Pair-specific morphology expansion

Current paired morphology expansion is intentionally narrow (en-es noun plural source -> target surface mapping).
Add explicit morphology resolvers per LP (en-de, es-en, and future pairs) and extend beyond plural nouns.

Embeddings scoring integration

Hook embeddings into rule-generation scoring (downloads and one-time conversion are wired; scoring integration is pending).
Keep embeddings as a secondary signal only:
- require a real active embedding_provider,
- validate pair-specific impact before exposing as a meaningful sweep dimension for en-es.

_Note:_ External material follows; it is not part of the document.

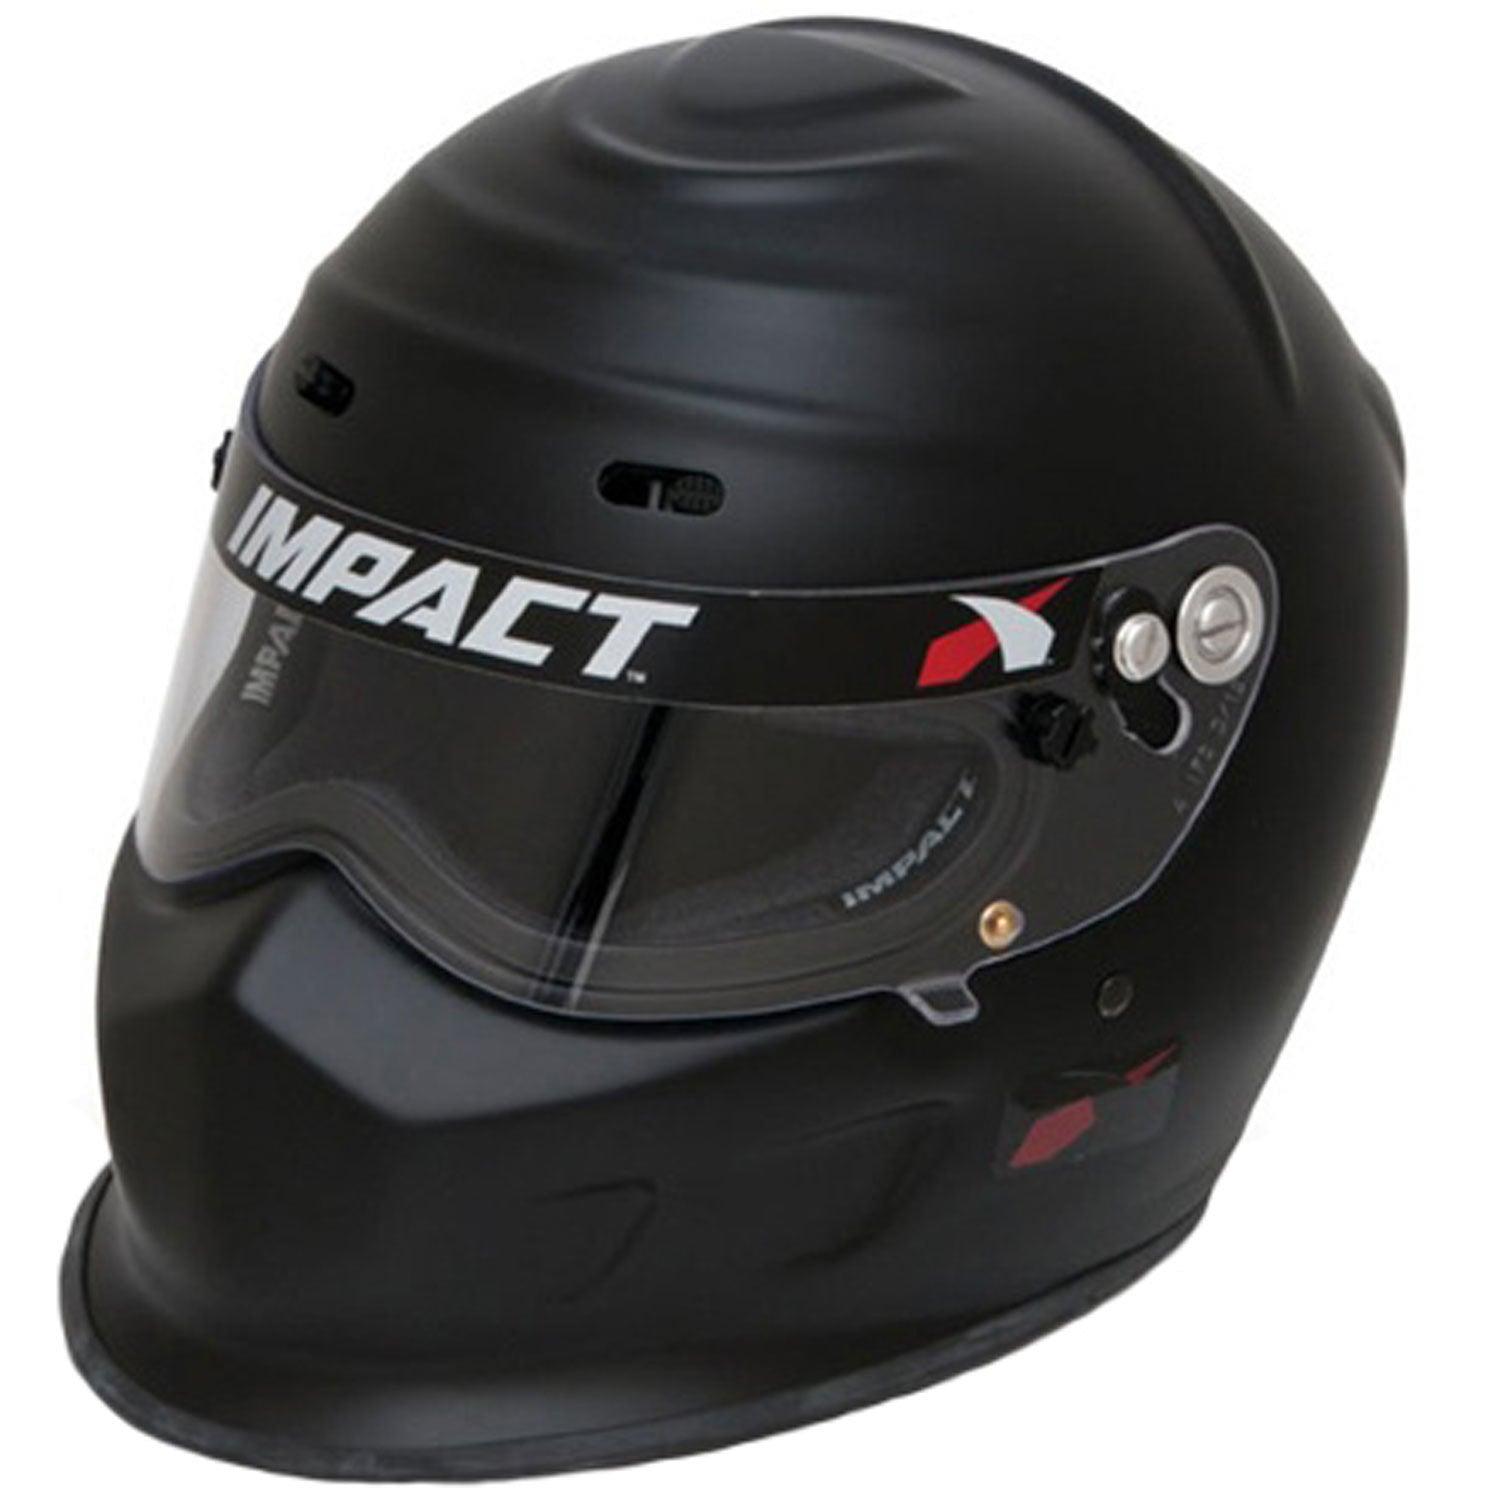 Helmet Champ X-Large Flat Black SA2020 - Burlile Performance Products

Planned Milestones (Migrated From README)

Persist all GUI knowledge inside profiles/rulesets:
- Store per-profile dictionary selection (mono vs cross-lingual) and language choices.
- Store synonym settings (thresholds, embeddings) per profile or ruleset where appropriate (currently global).
Sync profiles/rulesets into clients:
- Export active profile + ruleset list + language pack selection to Chrome/BD.
- Add profile/ruleset switcher in extension/plugin settings.
- Allow enabling/disabling multiple manual rulesets under a selected profile (not only one active manual ruleset).
- Persist per-ruleset display settings:
  - Display
  - Highlight replaced words (click to toggle original)
  - Highlight color
Finish language pack UX polish:
- Pack-specific validators for edge layouts.
- Clear handling for external/manual paths vs. app-managed files.
- Decide whether to phase out broad manual file-path selection entirely; current expectation is probably yes unless a concrete user need survives.
- Re-enable Wiktionary when we are ready to handle large downloads.
Add language selection controls tied to profiles/rulesets:
- Monolingual vs cross-lingual toggle per profile or per ruleset.
- Persist target/source language choices for bulk generation.
Scale large pack handling:
- Background indexing for large packs (progress + cancel).
- Optional cached indexes for fast reloads.
Add per-rule exception patterns or context gates if needed.
Add streaming/liveness adapter for live text replacement.
Localize the BetterDiscord plugin for multiple languages.
Consider larger Sigma symbol spaces for Share Code to shorten codes.